# [Task instructions]
All lines holding the string "Leather" should be copied from the data below.

# [Provided records]
· · · ·
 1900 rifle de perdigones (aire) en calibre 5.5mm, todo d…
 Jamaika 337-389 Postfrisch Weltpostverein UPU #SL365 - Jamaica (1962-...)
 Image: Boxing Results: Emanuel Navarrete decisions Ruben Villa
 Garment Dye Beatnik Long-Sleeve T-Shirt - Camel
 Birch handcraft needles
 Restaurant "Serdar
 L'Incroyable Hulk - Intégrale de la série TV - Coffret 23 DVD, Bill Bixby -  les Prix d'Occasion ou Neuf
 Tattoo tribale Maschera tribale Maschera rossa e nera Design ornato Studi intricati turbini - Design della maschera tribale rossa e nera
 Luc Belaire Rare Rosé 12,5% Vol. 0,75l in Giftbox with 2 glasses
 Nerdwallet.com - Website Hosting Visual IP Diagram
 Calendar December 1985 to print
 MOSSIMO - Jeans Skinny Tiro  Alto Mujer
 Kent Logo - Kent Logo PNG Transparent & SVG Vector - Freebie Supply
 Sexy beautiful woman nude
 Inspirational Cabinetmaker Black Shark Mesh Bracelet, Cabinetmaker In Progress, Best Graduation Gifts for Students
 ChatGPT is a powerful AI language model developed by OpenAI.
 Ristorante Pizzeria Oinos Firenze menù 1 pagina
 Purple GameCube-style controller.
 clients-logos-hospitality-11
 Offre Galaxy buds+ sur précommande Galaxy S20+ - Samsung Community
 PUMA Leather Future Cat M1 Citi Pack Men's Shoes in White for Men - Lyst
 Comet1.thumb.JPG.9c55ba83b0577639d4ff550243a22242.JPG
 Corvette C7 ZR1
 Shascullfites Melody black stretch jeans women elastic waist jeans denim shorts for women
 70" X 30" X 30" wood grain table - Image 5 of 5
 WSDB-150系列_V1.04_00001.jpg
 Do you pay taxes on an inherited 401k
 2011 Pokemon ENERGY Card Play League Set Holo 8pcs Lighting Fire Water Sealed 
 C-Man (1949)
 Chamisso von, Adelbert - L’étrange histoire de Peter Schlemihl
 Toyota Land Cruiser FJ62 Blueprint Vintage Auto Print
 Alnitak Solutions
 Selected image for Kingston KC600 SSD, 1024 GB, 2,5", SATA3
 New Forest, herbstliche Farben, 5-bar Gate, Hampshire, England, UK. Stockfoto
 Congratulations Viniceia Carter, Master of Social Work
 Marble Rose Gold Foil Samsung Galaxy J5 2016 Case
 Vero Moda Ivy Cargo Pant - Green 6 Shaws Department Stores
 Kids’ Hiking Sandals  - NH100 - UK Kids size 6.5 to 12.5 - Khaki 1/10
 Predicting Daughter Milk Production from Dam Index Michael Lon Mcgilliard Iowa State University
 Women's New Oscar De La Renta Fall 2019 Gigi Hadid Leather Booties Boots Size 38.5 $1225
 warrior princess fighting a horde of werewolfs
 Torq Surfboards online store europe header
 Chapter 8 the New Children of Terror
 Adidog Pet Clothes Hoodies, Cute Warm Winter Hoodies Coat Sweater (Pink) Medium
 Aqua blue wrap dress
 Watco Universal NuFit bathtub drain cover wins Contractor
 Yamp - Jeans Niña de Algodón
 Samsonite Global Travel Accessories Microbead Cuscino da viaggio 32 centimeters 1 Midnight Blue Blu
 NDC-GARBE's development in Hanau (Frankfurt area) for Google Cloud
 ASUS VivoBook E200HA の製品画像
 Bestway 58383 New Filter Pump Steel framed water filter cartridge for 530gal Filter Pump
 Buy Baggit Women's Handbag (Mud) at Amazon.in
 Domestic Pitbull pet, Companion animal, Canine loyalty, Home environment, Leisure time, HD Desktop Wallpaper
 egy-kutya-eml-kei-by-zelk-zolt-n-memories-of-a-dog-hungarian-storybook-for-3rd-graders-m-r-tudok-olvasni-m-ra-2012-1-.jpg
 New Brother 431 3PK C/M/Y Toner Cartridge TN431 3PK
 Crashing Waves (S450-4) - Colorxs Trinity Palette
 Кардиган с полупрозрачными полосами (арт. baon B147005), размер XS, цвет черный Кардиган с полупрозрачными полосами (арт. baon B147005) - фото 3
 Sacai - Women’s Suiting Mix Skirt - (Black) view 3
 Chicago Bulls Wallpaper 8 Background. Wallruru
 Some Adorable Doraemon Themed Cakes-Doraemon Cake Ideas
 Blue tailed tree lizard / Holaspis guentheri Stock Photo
· · · ·
# [Output of the task]
 PUMA Leather Future Cat M1 Citi Pack Men's Shoes in White for Men - Lyst
 Women's New Oscar De La Renta Fall 2019 Gigi Hadid Leather Booties Boots Size 38.5 $1225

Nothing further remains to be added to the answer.